--- The data ---

- - - -

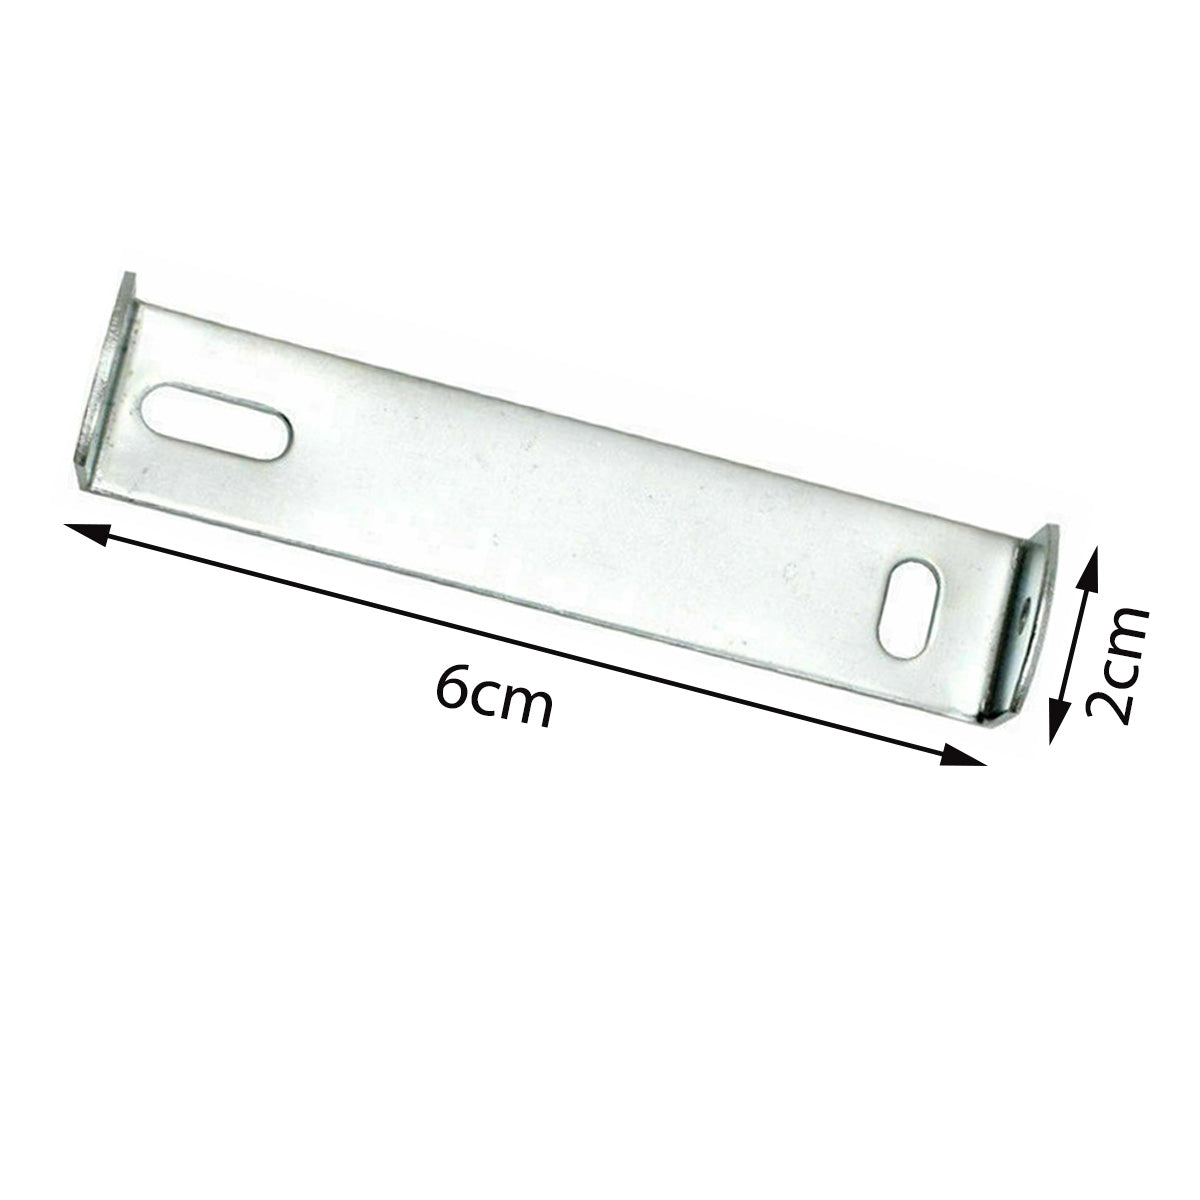 Deckenrosette Strap Halterung Strap Brace Plate mit Zubehör Beleuchtung 60mm
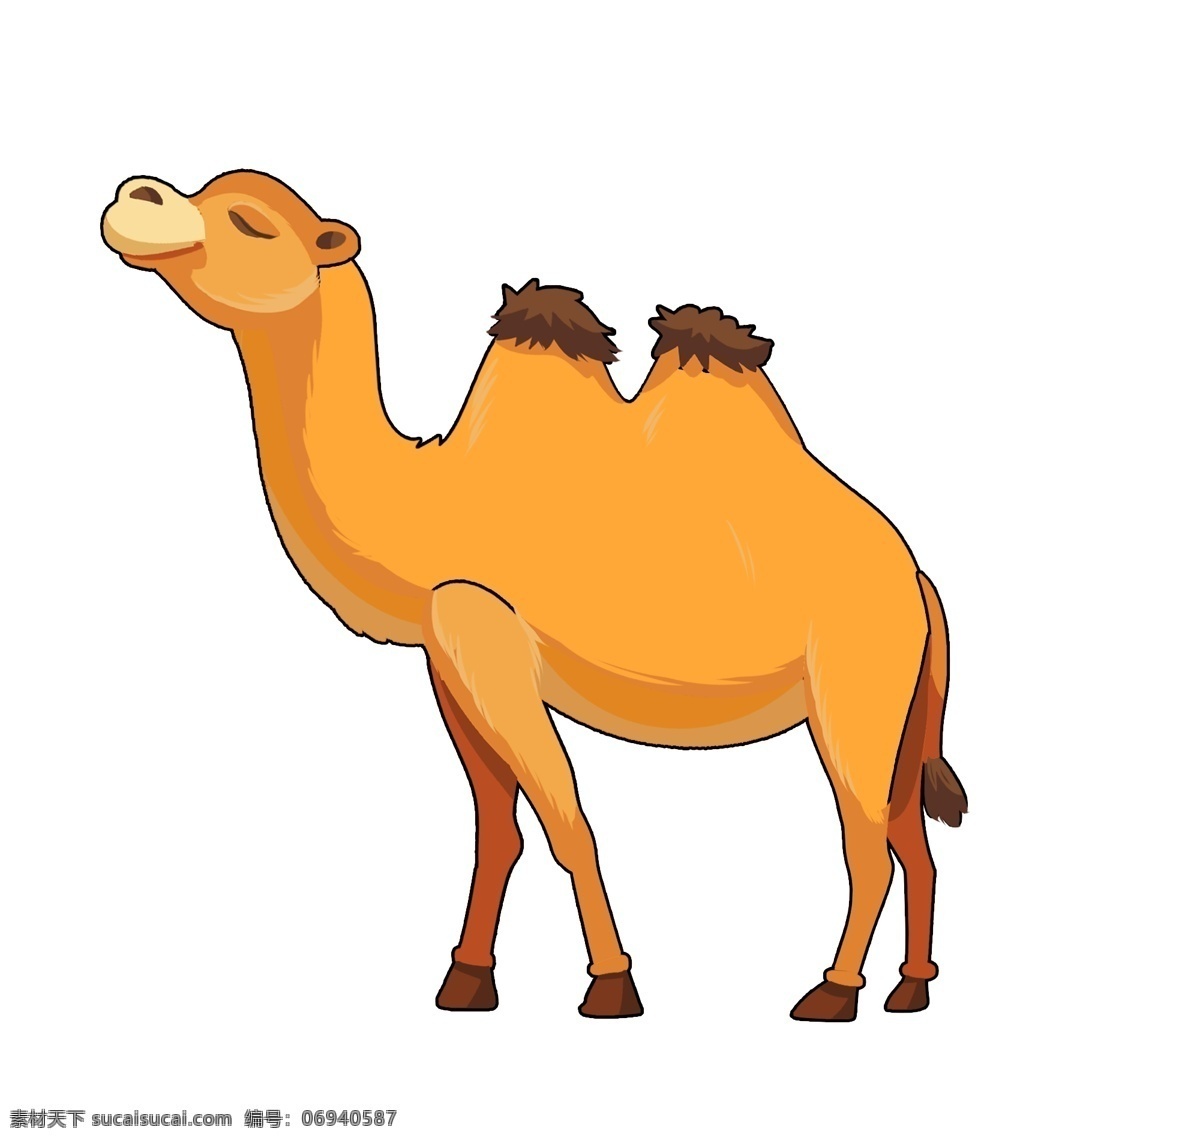 骆驼插画图片 骆驼 骆驼插画 插图 沙漠骆驼插画 可爱插画 插画 手绘 简笔画 晓雪设计 卡通插画 艺术插画 抽象插画 动漫动画
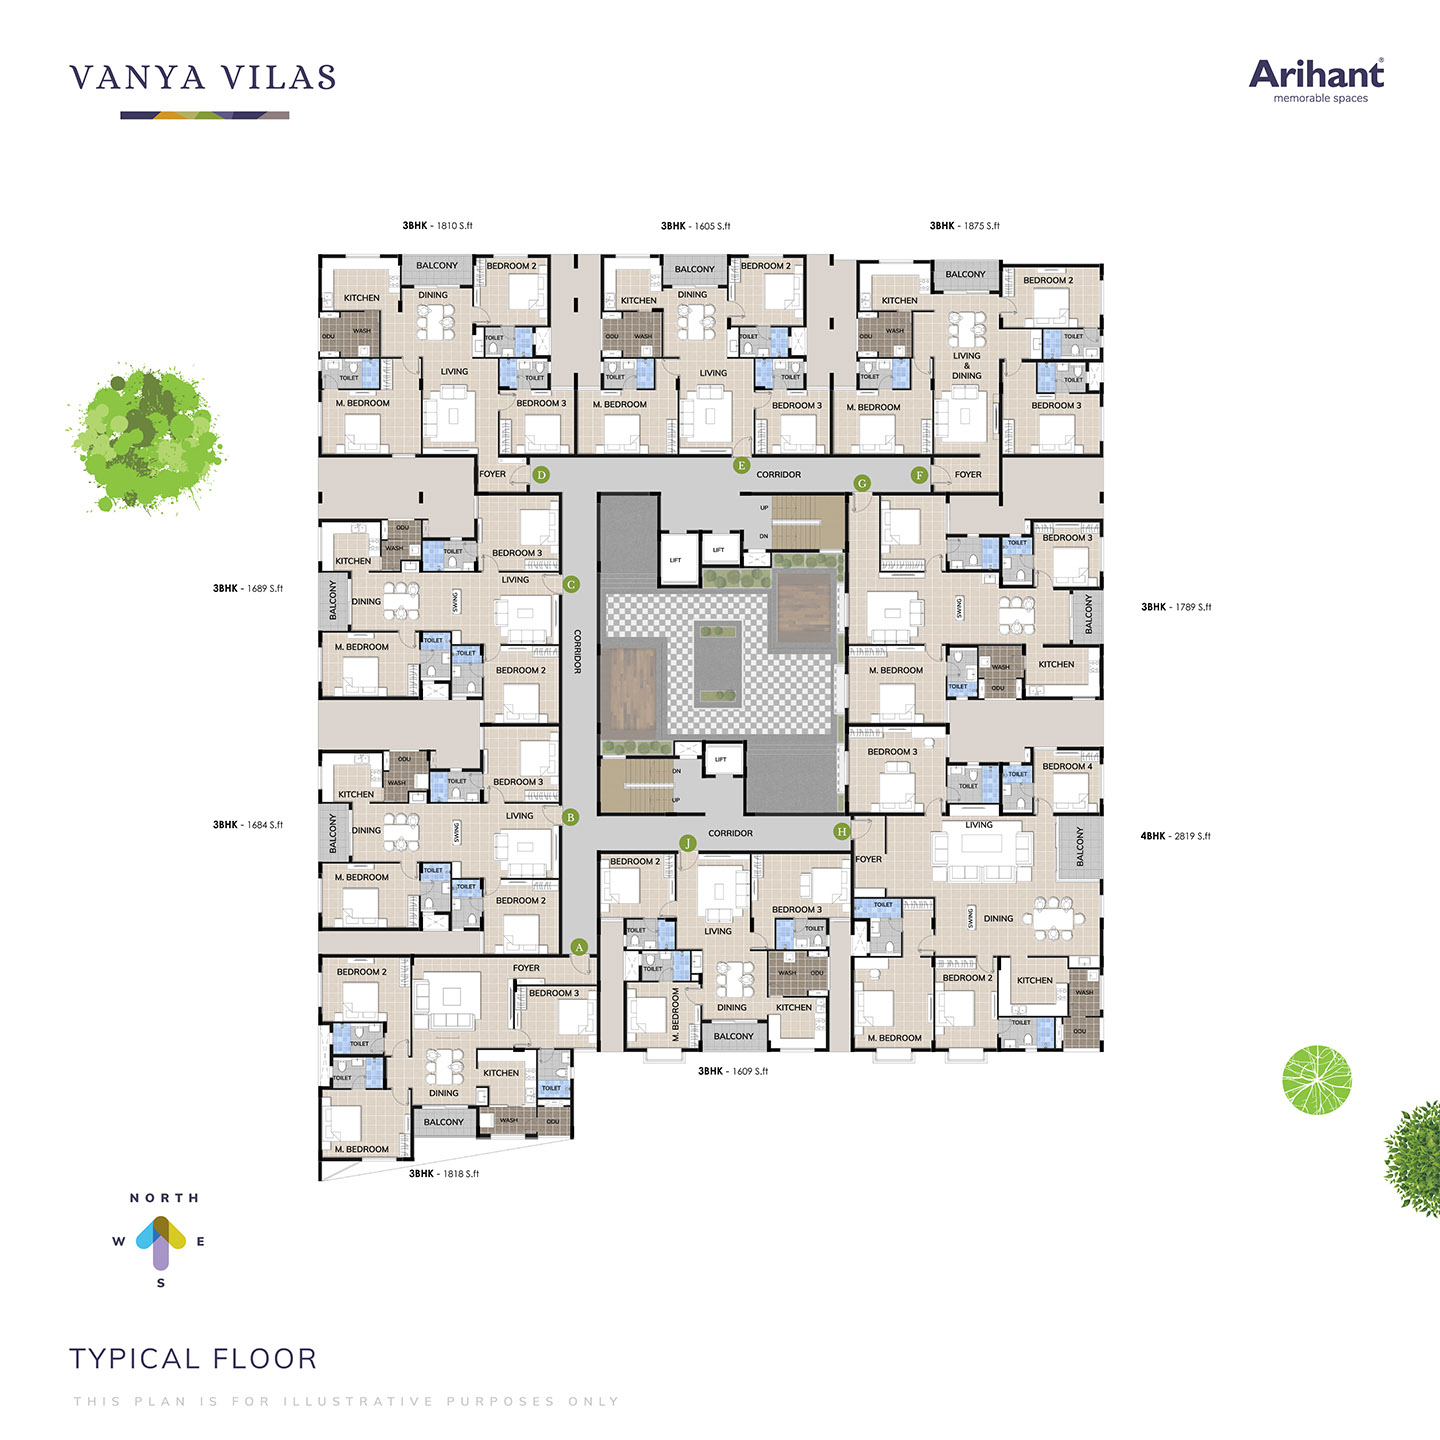 Vanya-Villas-_Typical-Floor

- - - -

--- Assignment ---
The expected output is the full data above, reproduced exactly with no images.

--- Answer ---
 Deckenrosette Strap Halterung Strap Brace Plate mit Zubehör Beleuchtung 60mm
 骆驼插画图片 骆驼 骆驼插画 插图 沙漠骆驼插画 可爱插画 插画 手绘 简笔画 晓雪设计 卡通插画 艺术插画 抽象插画 动漫动画
 Vanya-Villas-_Typical-Floor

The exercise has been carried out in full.